Dear Union Friends, We urge you to join a broad cross section of community, labor, religious and progressive activists in Pittsburgh for a National March for Jobs to help revive Rev. Dr. Martin Luther King Jr.’s dream of a movement for full employment. The March will assemble after church services at 2 p.m., Sunday, Sept. 20, in front of the Monumental Baptist Church, Soho and Wylie Streets, in the historic Hill District of Pittsburgh. Buses, cars and vans will be coming from all over the country  from as far away as Los Angeles and the Bay area and as near as Warren and Youngstown, Ohio. Please endorse the March for Jobs. More importantly, encourage your members to participate. Bring your union banners and signs.
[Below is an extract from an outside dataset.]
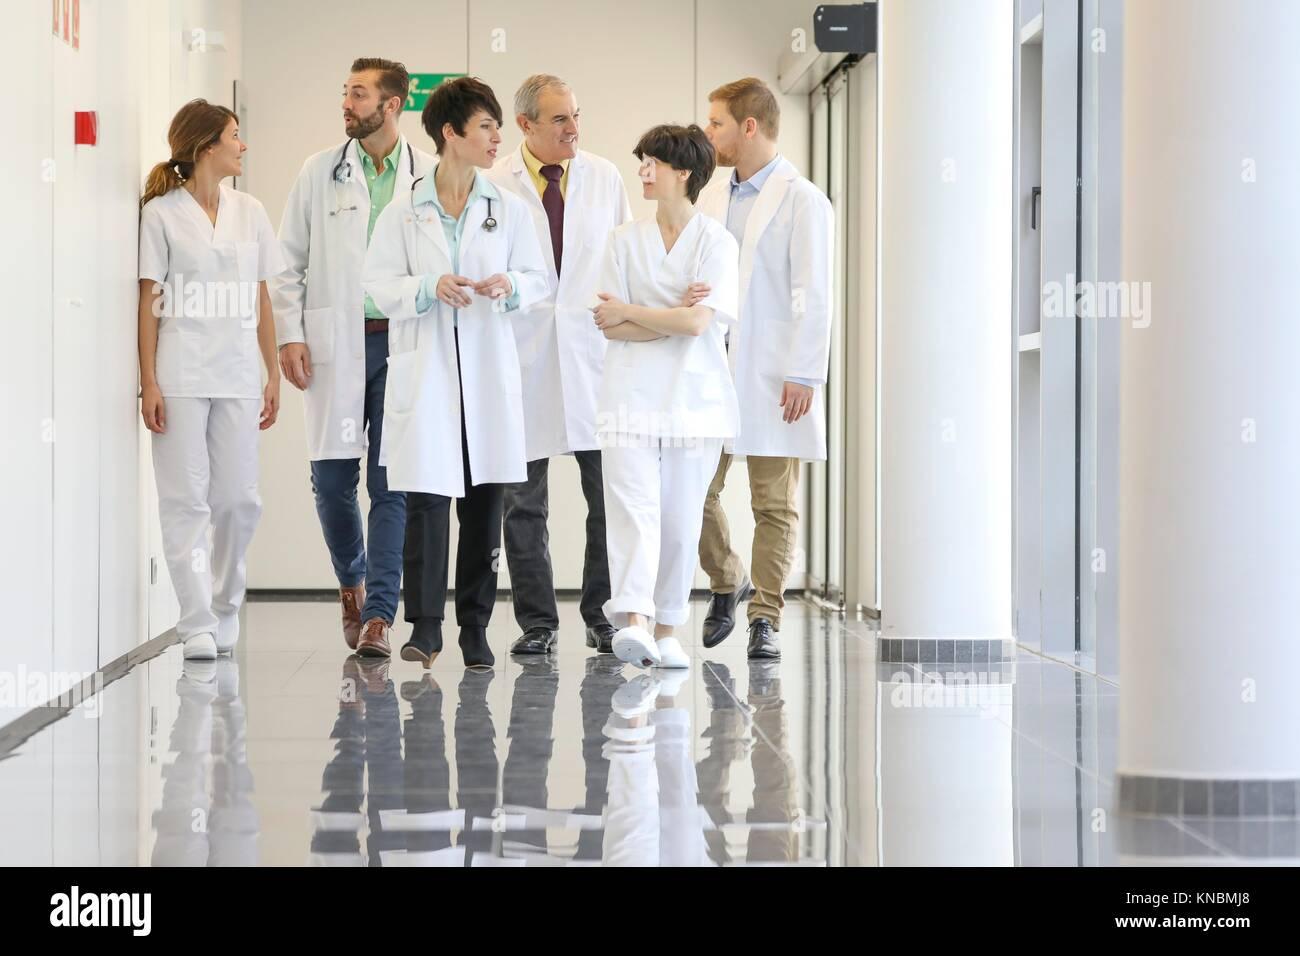 Doctors and nurses walking in corridor, Hospital - Stock Image

Help those hardest hit: the jobless and homeless by donating funds for transportation and food.
Today we need a movement for the right to a job more than ever. New York Times columnist Bob Herbert wrote that rising unemployment and underemployment are “by far, the nation’s biggest problem and should be its No. 1 priority,” in a recent piece entitled “A Scary Reality.” Union advocates have rightfully pointed out two major facts: the official unemployment figures do not include workers who have given up looking for jobs and a huge number of higher-paying union jobs will be permanently lost.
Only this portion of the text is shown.